Cholangiocarcinoma: Ask the Questions
Hopefully, you have been fortunate enough to never have heard the word “cholangiocarcinoma” come from the lips of a doctor or a loved one. Unfortunately, I cannot say the same…
What in the world is Cholangiocarcinoma?
Cholangiocarcinoma is a rare cancer, which is also known as cancer of the bile duct. The ducts of the liver and duct of the gallbladder come together to form the common bile duct. The gallbladder is connected to the liver. Cholangiocarcinoma (bile duct cancer) is not only rare, it has a terrible prognosis, rapidly progresses, and is often caught in advanced stages.
The American Cancer Society reports that approximately 8,000 people are diagnosed with cholangiocarcinoma each year in the United States. To put that into perspective; breast cancer, which is one of the most common types of cancer is expected to have over 325,000 new cases diagnosed this year in the United States. Many studies report the median survival rate of cholangiocarcinoma to be about 6 months depending on the location and extension. So in summary, it’s a pretty awful, horrible, horrible, horrible diagnosis.
The Challenge of Rare Disorders
One challenge with rare disorders, such as cholangiocarcinoma is that there is typically less data on different treatment options and there are few providers who are experienced with treating the disorder. It is so rare that several doctors have not heard of this form of cancer.
A True Story…
If there is one thing I recommend, it is to ALWAYS ask your questions! My previously healthy brother who is also my very best friend was diagnosed on MRI with cholangiocarcinoma at the young age of 41 years old (the average age of diagnosis is 71 y.o.).
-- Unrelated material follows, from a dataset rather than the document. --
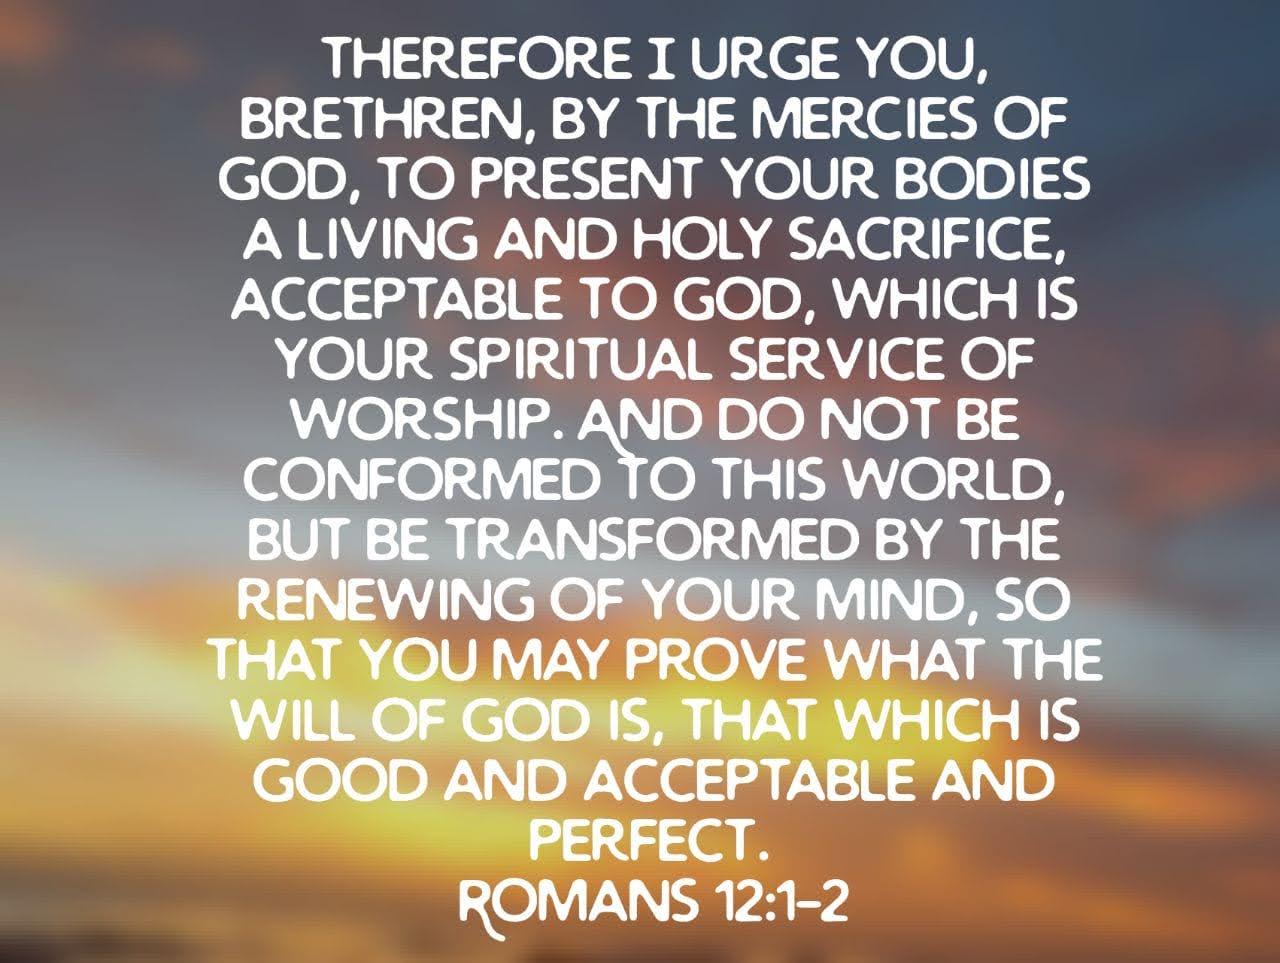 Sacrifice, Worship, and Transformation
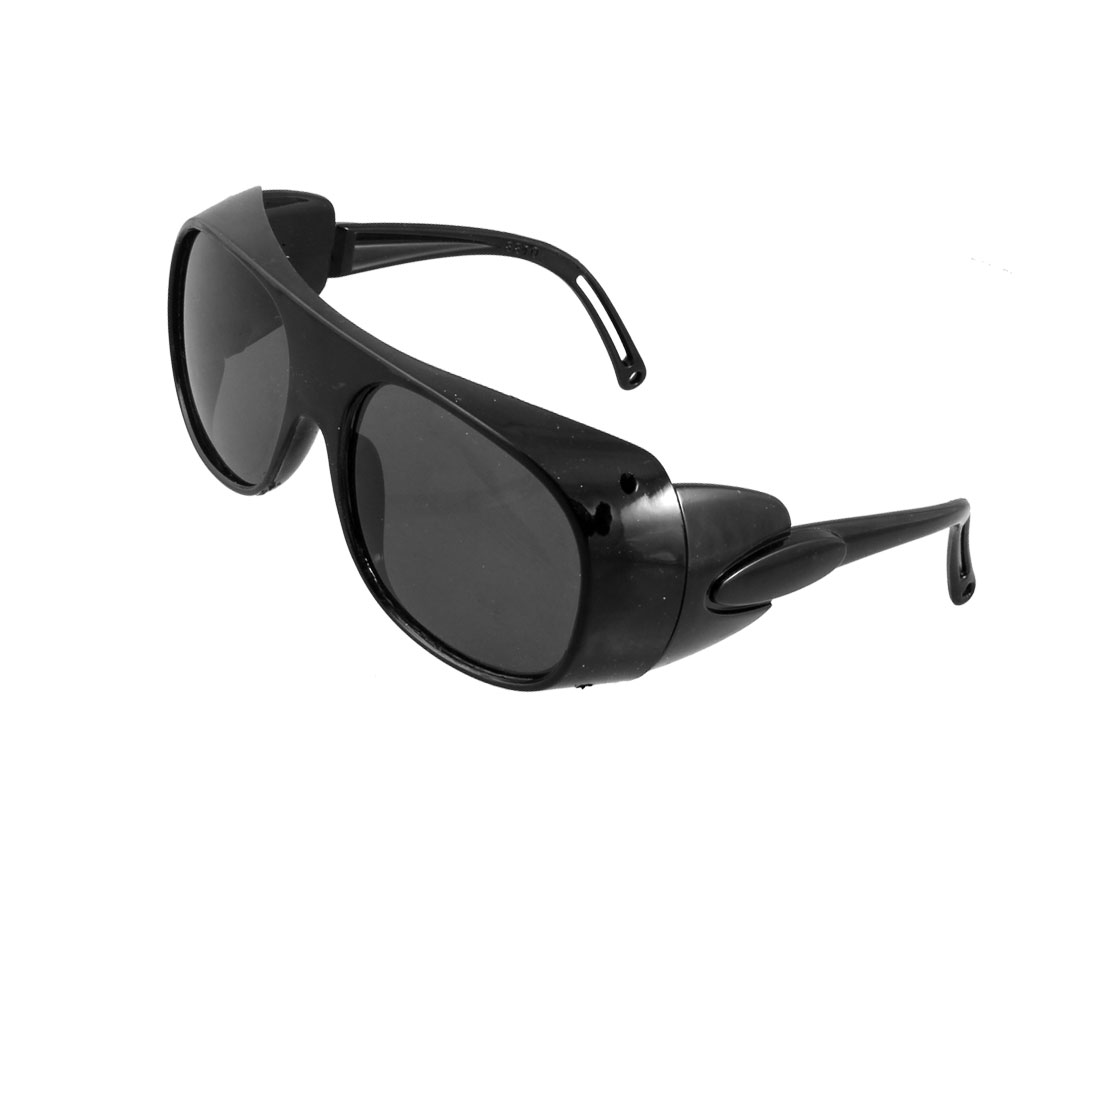 "5.1"" Width Black Frame Dark Gray Rectangle Lens Protective Goggles"

On the day of diagnosis, I entered his hospital room and saw tears streaming down his face, as a medical intern informed him of the diagnosis, telling him that the prognosis was poor and nothing could be done and she anticipated a few months left. I was shocked at the delivery of this news by the intern. I asked for a surgical consult to evaluate if surgery would be an option, and my brother agreed he would like to have a surgeon’s input. The intern again informed us that surgery would not be an option, so there was no point. I continued to insist that we would like to hear that opinion from the surgery team themselves.
My brother (like most people) had no idea what the difference between an intern, attending physician, or specialist was. (To learn more about these titles, read our blog: PA, NP, MD, DO, Resident, Fellow…How Are These Titles Different? ) Knowing that the doctor was an intern and it was the end of July, I knew that the intern had just started her training at the hospital (typically interns start their internship on July 1st). I found this to be out of her scope of practice, to share such news to a patient without asking for a surgeon’s input, especially after the patient/family’s request. The intern may have not realized so early in her career the negative impact her briskness on the situation may have caused in, this case, my brother’s life. Finally, I asked if she would bring our request for a surgical evaluation to her attending physician. The intern agreed to this, and that day my brother was evaluated by a surgeon, who stated that based on the imaging, he was confident he could remove the entire tumor surgically. One week later my brother underwent a successful 13-hour surgery. Fast forward to 3 years later…I just finished having dinner with my brother, sister-in-law, and their 4 children. My brother is healthy and living his life to his fullest with a great quality of life. That one question made a world of difference!
The Moral of The Story:
The moral of the story is NEVER hesitate to ask your questions. Regardless of whether it is an intern, attending, or even an oncology specialist; ask your questions. If what you hear does not seem right, ask again, and get more information and opinions. It may very well be that you will get the same answer from 2 or 3 healthcare providers, but that will just help confirm that you are making the right decision. Healthcare providers each have their own way of practicing and one doctor may have a different medication or surgical technique that the other doesn’t practice. This is important when looking at any medical issue, but ESPECIALLY important when it comes to cancer. Nonetheless, a RARE CANCER.
Private Patient Advocate:
As private patient advocates, Pathway Patient Advocates can help you navigate and support you through this challenging journey. Thankfully, more recently, there have been wonderful advances in cholangiocarcinoma and great resources available. I have found the Cholangiocarcinoma Foundation to be an excellent resource for patients.